TASK ITEM: Transcribe the data exactly, pictures excluded.

DATA:
=== Section Start ===
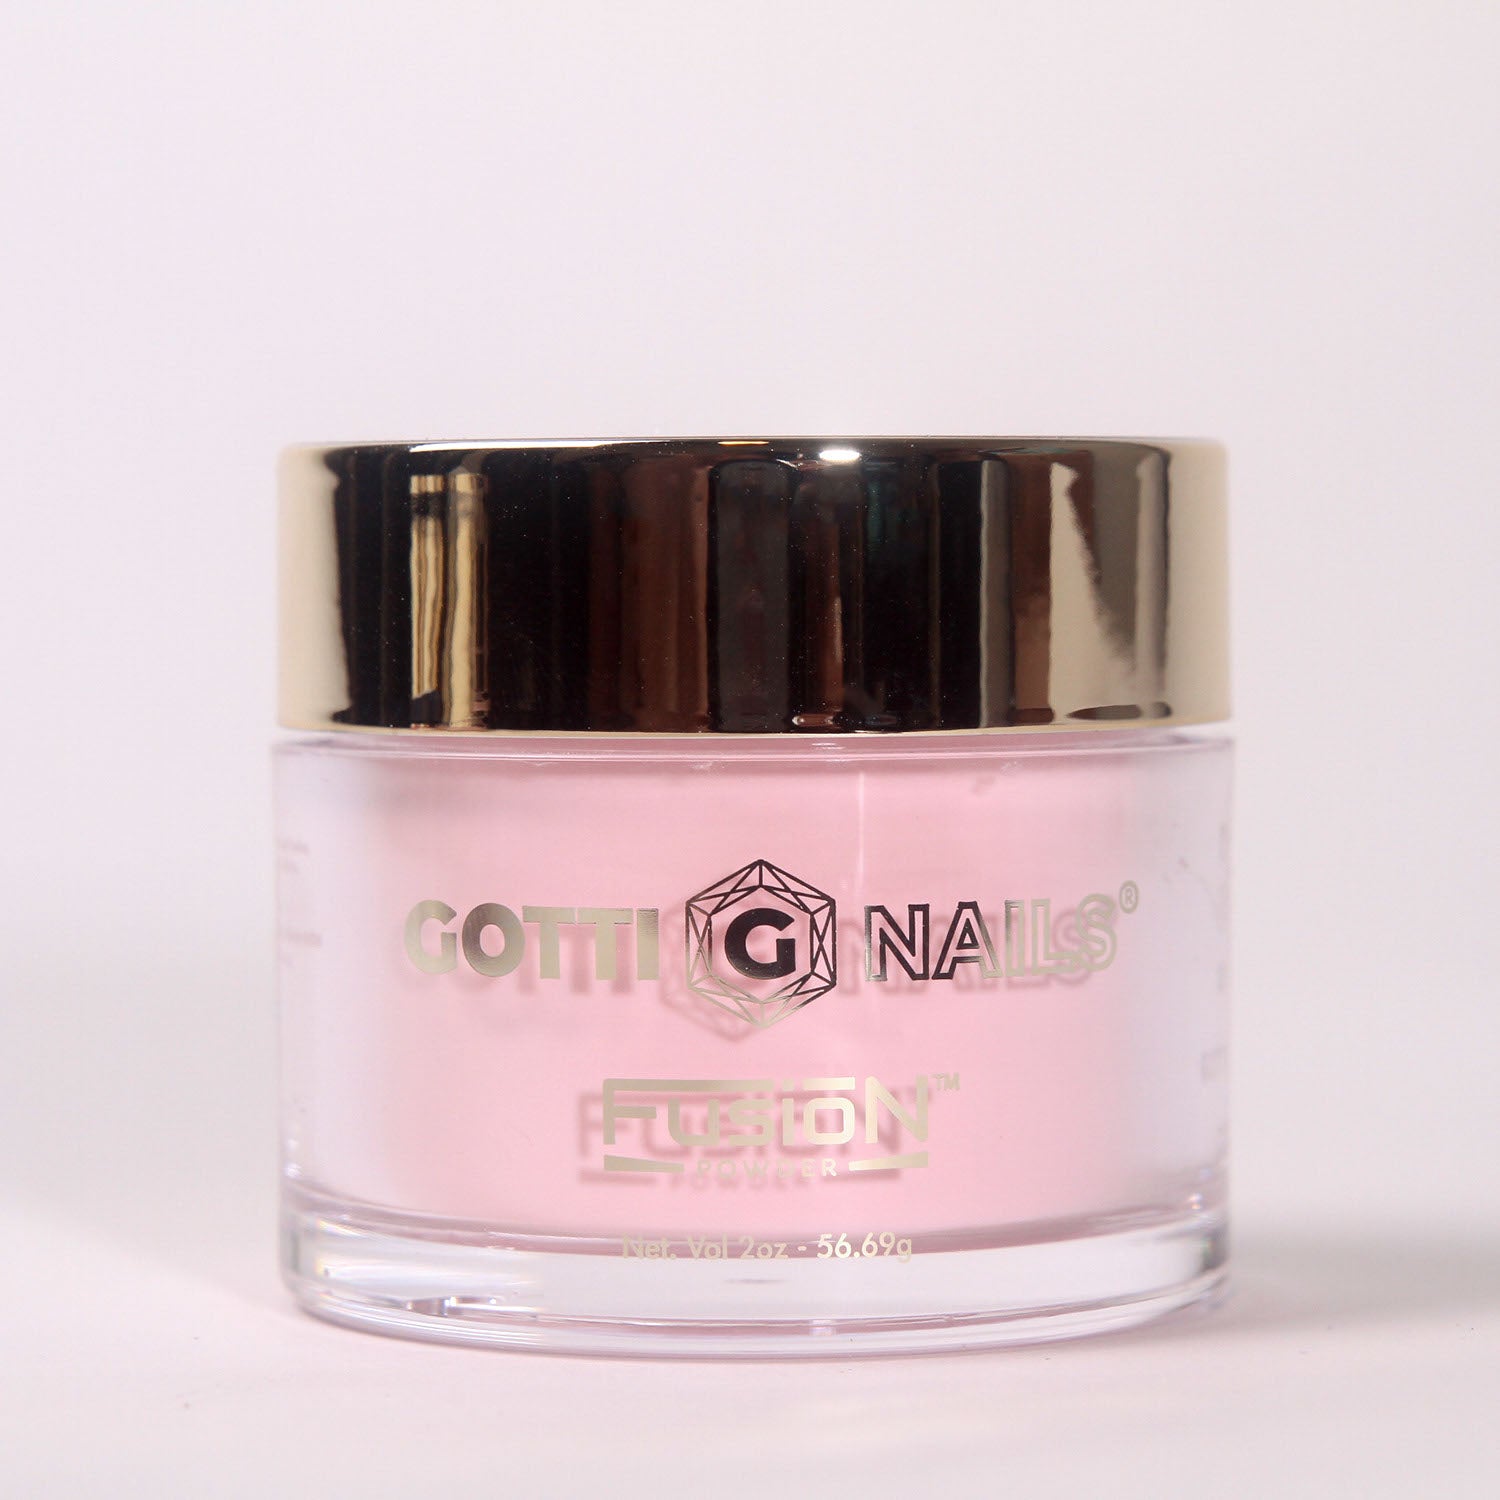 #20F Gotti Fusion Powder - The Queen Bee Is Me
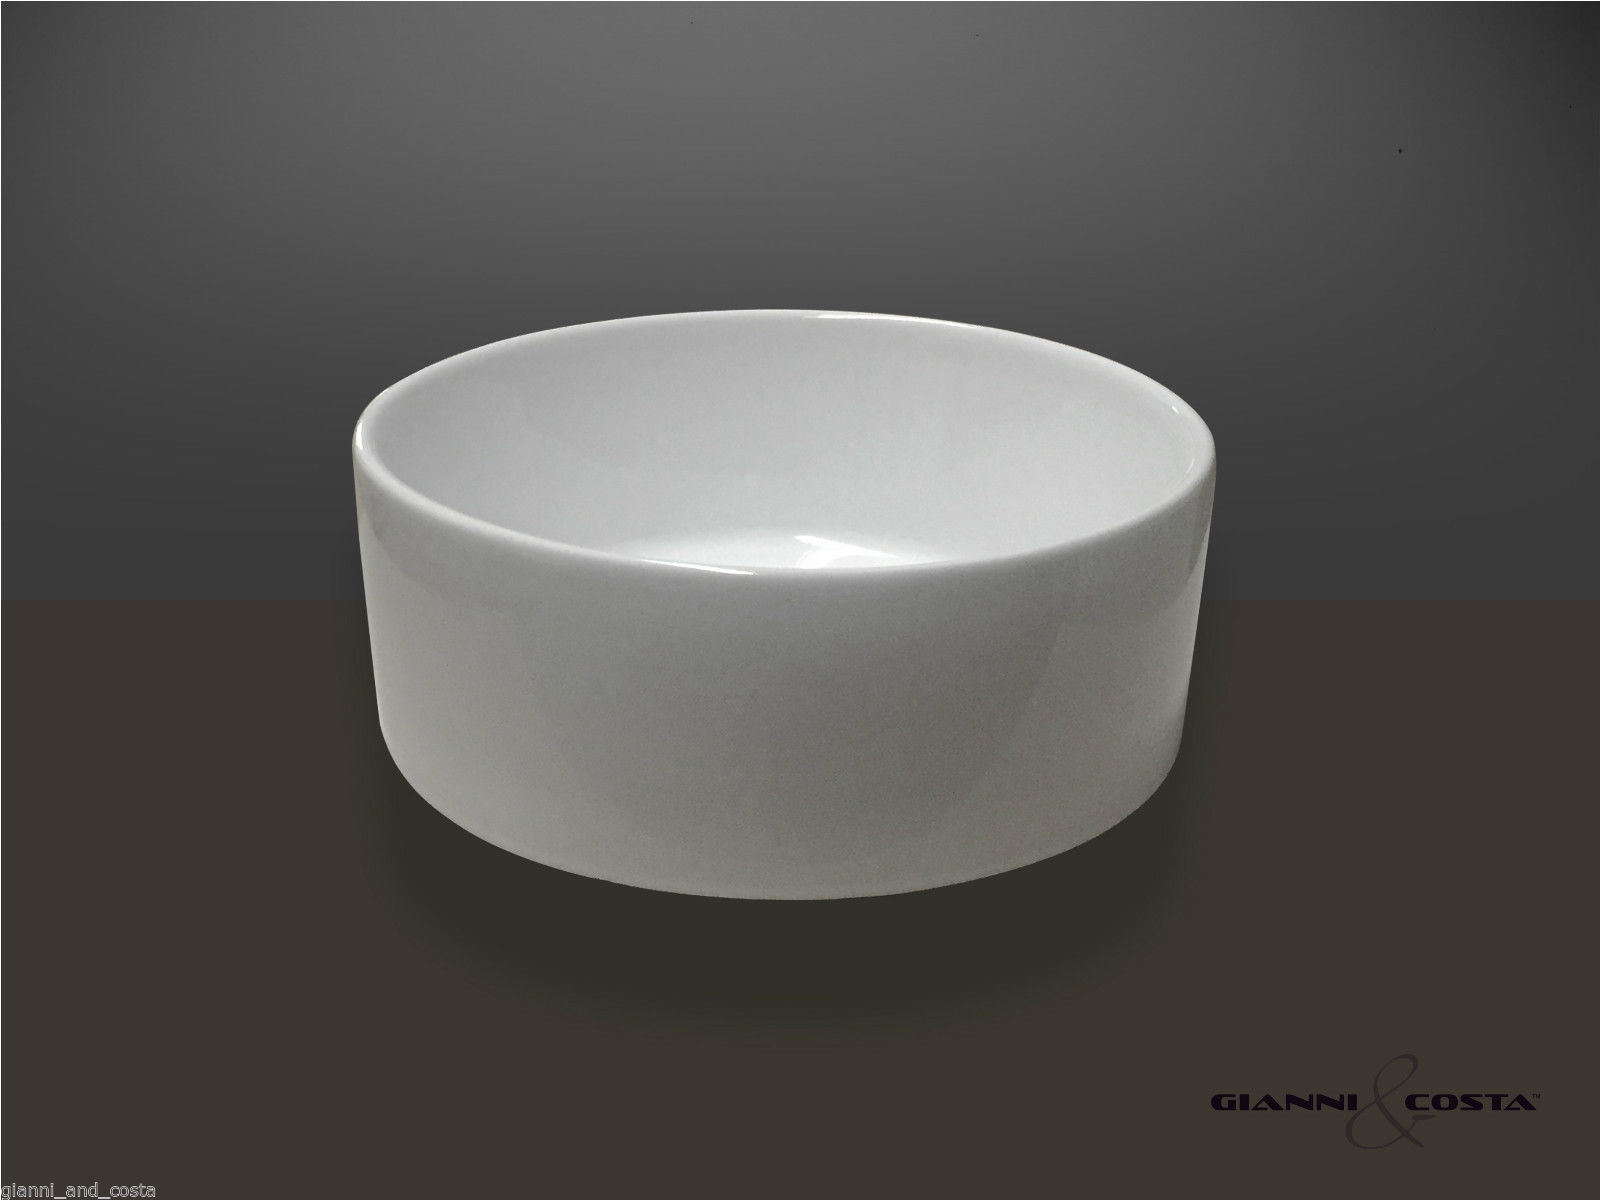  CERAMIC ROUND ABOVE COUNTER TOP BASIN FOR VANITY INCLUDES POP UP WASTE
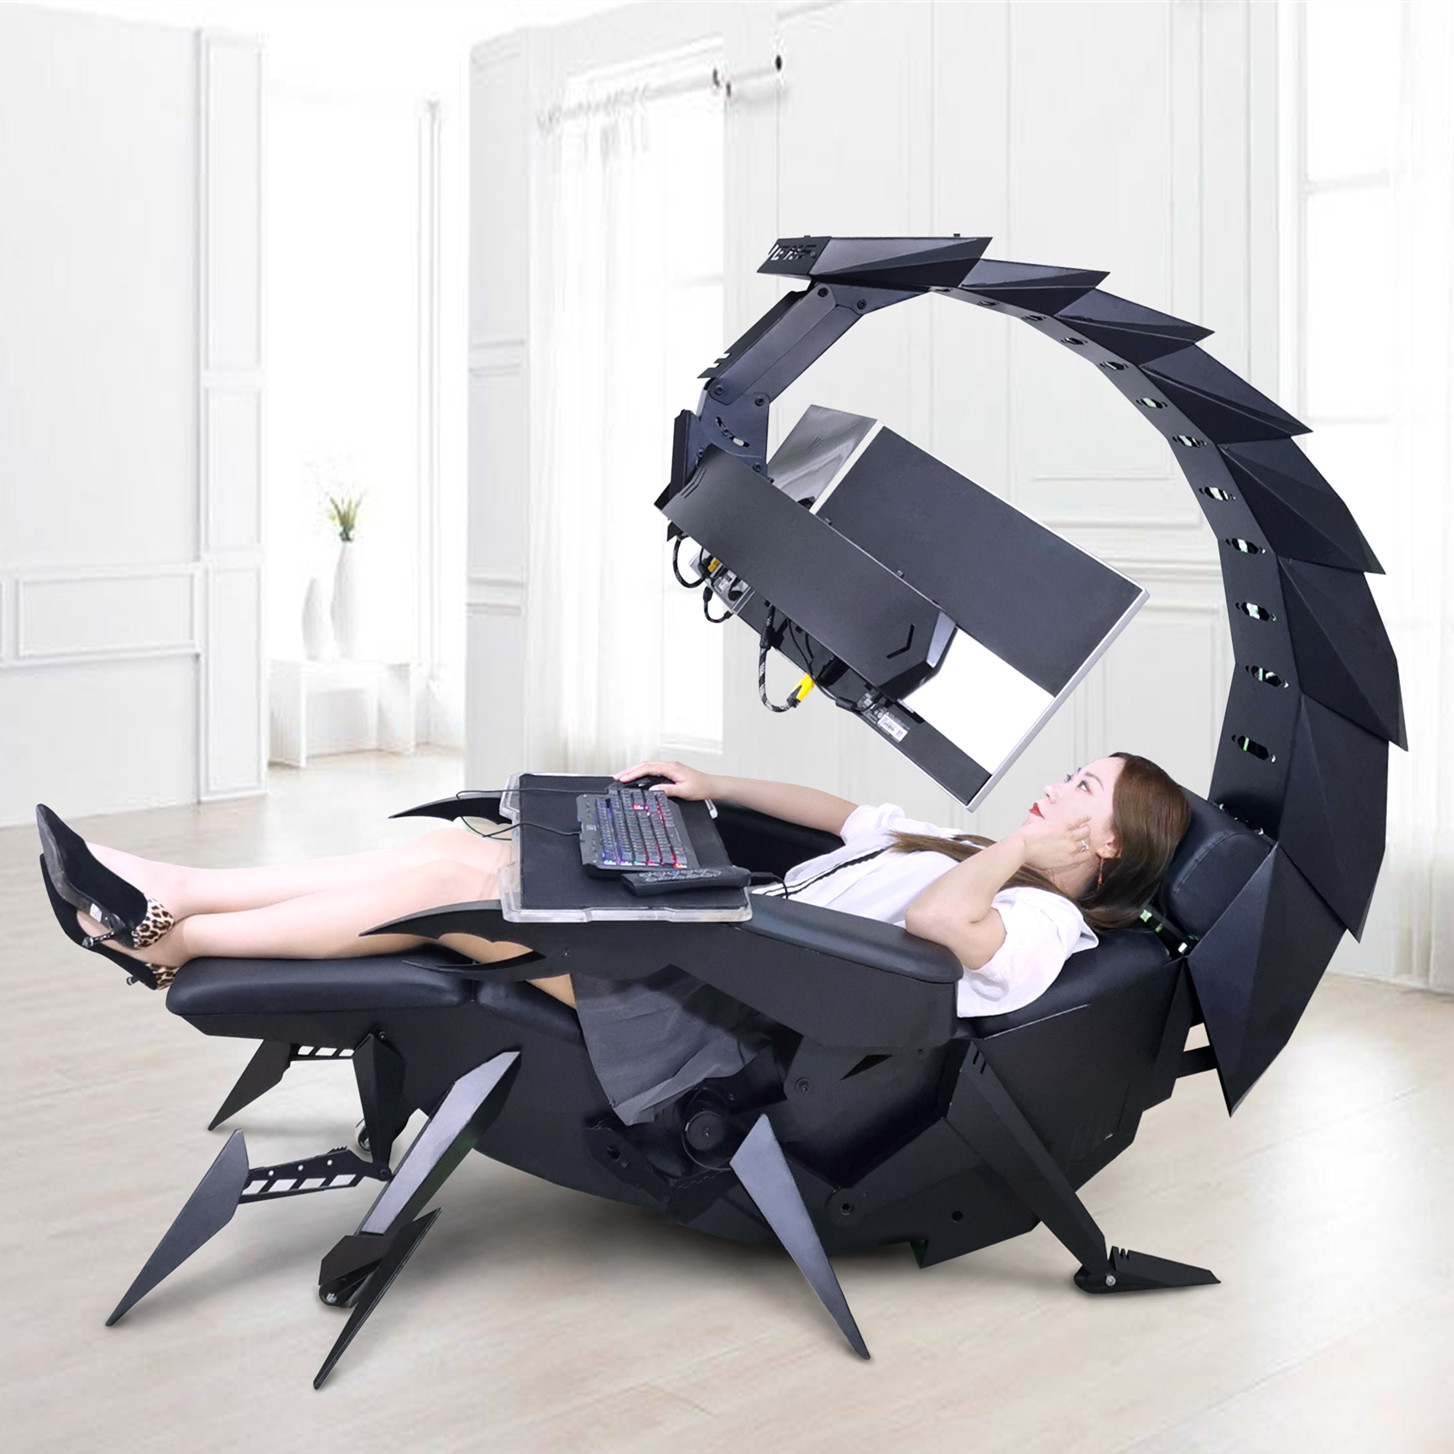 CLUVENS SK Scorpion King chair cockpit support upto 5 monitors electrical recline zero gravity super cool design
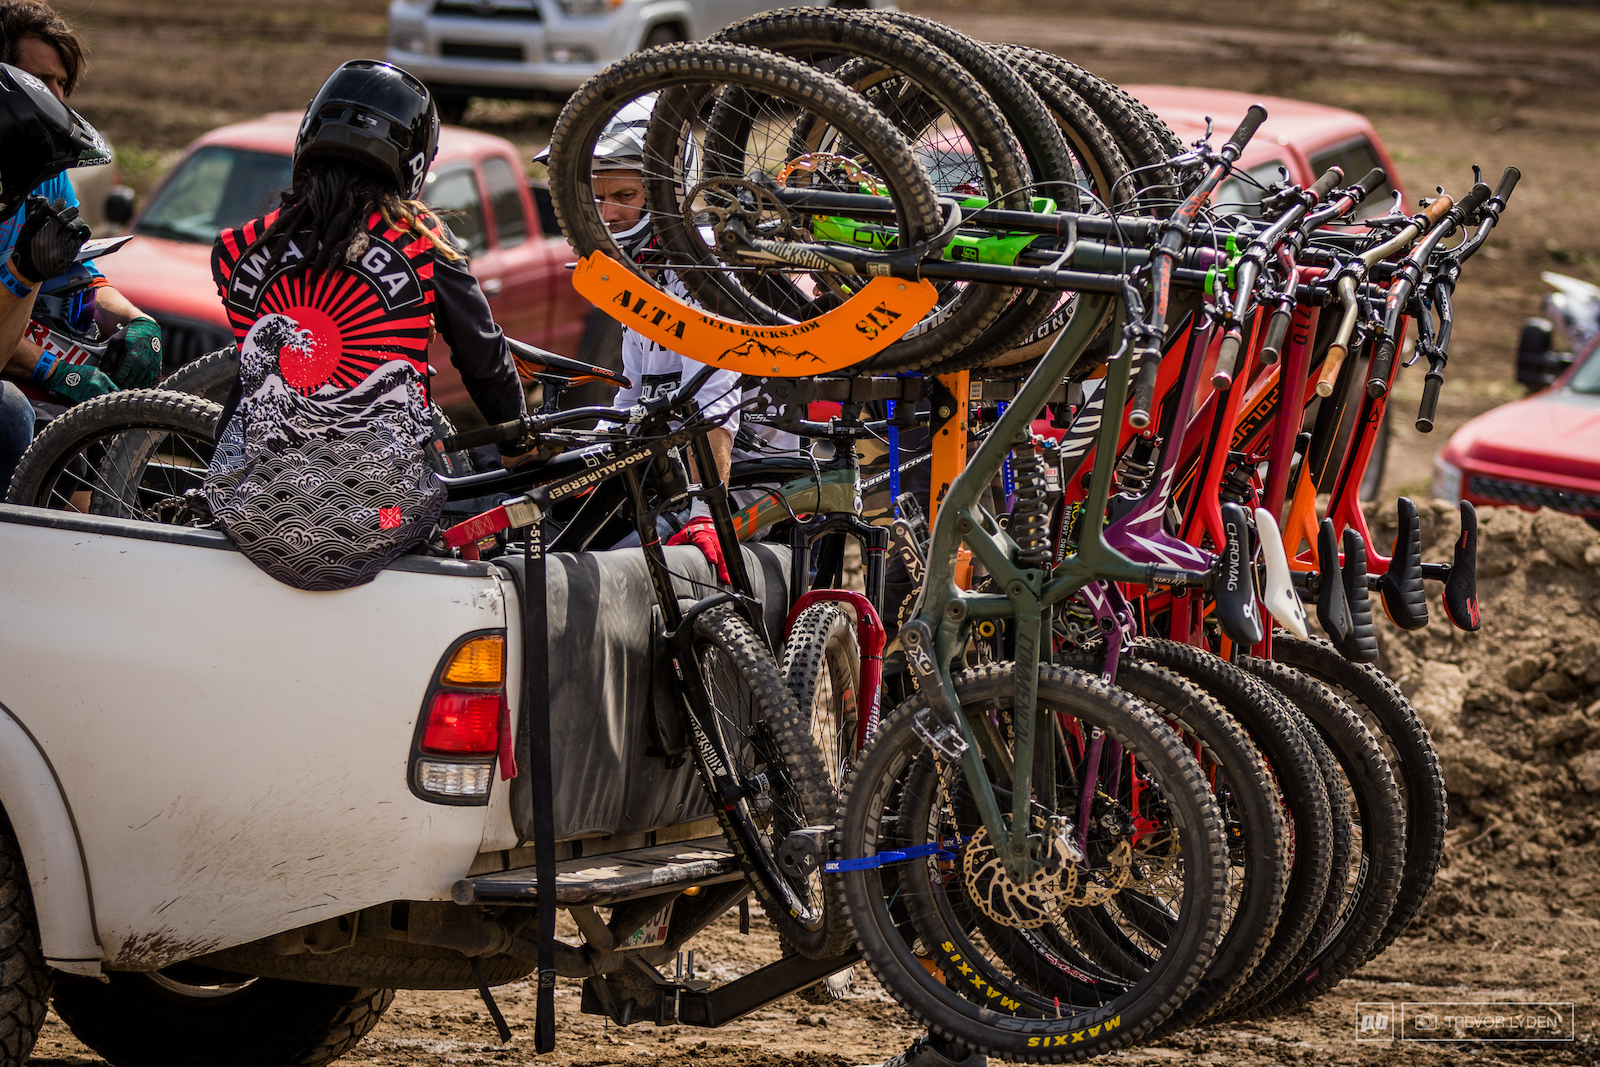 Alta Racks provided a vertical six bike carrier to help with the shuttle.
=== Section End ===
OUTPUT BELOW:
 #20F Gotti Fusion Powder - The Queen Bee Is Me
  CERAMIC ROUND ABOVE COUNTER TOP BASIN FOR VANITY INCLUDES POP UP WASTE
 CLUVENS SK Scorpion King chair cockpit support upto 5 monitors electrical recline zero gravity super cool design
 Alta Racks provided a vertical six bike carrier to help with the shuttle.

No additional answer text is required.